A typical situation is described in figure \ref{fig:classificationexample}, in which after visualizing the data we are able to find the posterior distribution and so the hypothesis that has the highest probability to be the true one.

\paragraph*{Bayes' update}
In this setting we're working with two quantities: the \textit{prior} distribution and the \textit{likelihood} function. The likelihood function is the generative mechanism of the data, while the prior distribution is the information we have about the classes before observing the data. These two quantities are connected to the posterior distribution by \textbf{Bayes' rule}.
Let's recall the Bayes' rule:
\[
    \mu(\theta \mid X) = \frac{\pi(\theta) \ell(X \mid \theta)}{\sum_{\theta'} \pi(\theta') \ell(X \mid \theta')} \propto \pi(\theta) \ell(X \mid \theta)
\]

This posterior function is also said to be the \textbf{belief} of the system. It is the probability that the true class is $\theta$ given the data $X$. Clearly, this function is a \textit{probability mass function}.
The process of finding the posterior distribution from the prior distribution and the likelihood function is called \textbf{Bayes' update}.

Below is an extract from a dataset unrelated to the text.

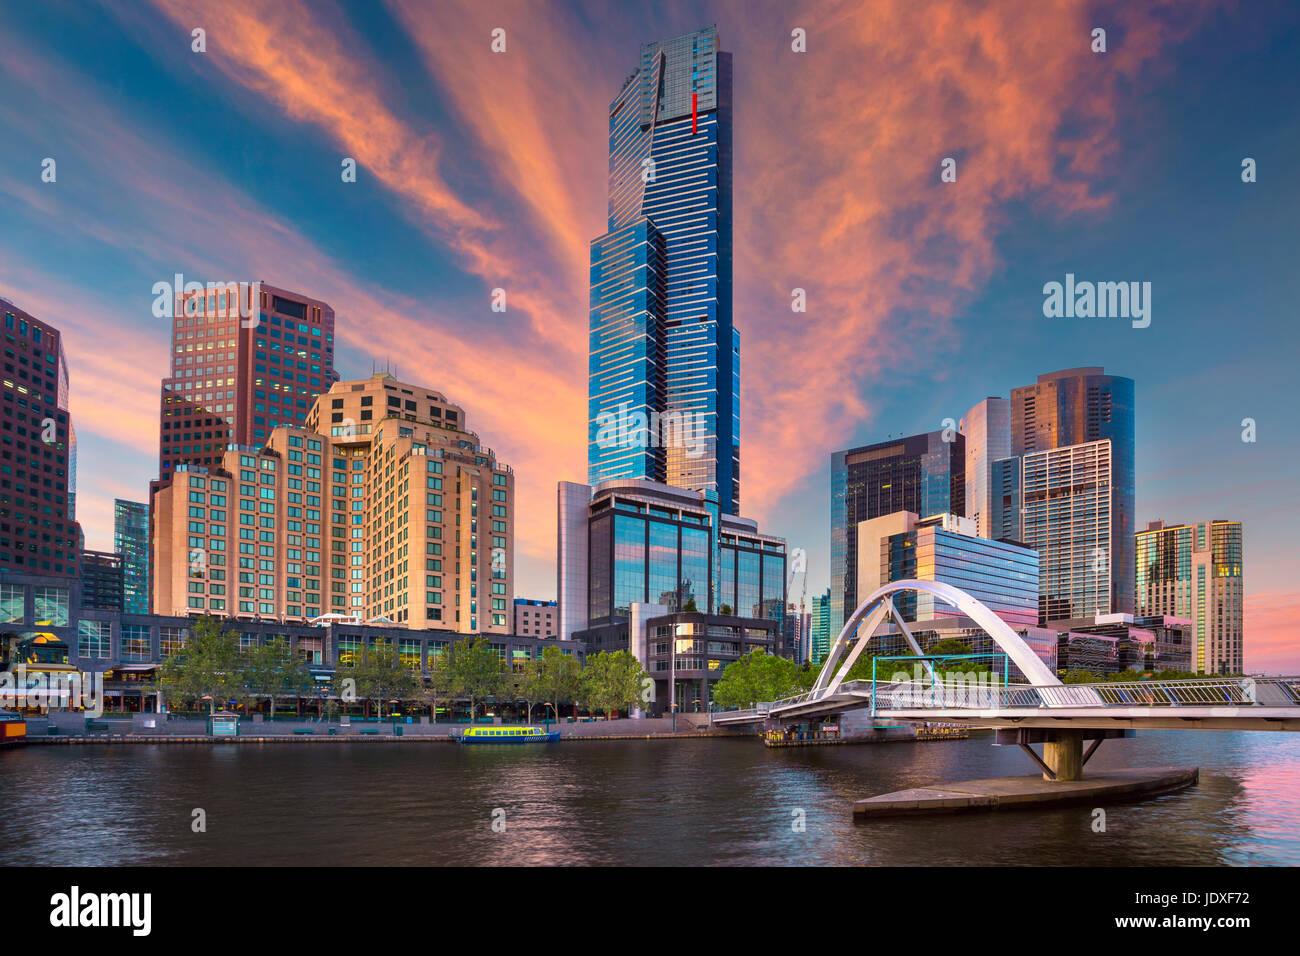 City of Melbourne. Cityscape image of Melbourne, Australia during summer sunrise. - Stock Image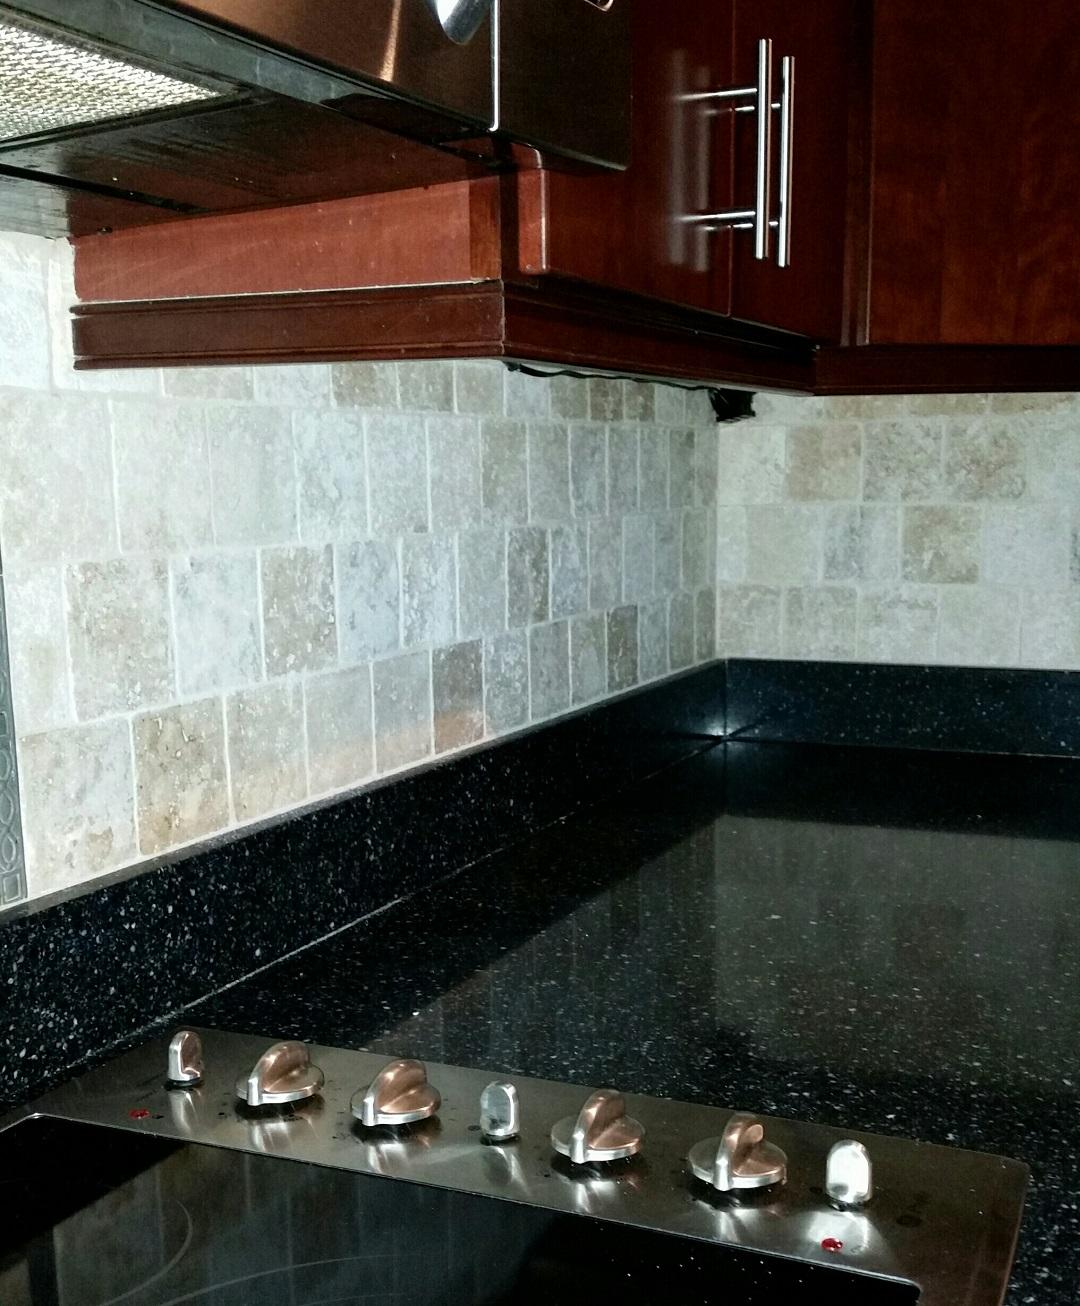 Funky Lins Kitchen Grain Valley Mo Frieze - Modern Kitchen Set ...

The denominator of the Bayes' rule is a normalizing constant that makes the posterior distribution a probability mass function. It is also called \textbf{marginal distribution}.
When $X$ is frozen, the marginal distribution is just a normalizing constant, so the belief is proportional to prior times the likelihood.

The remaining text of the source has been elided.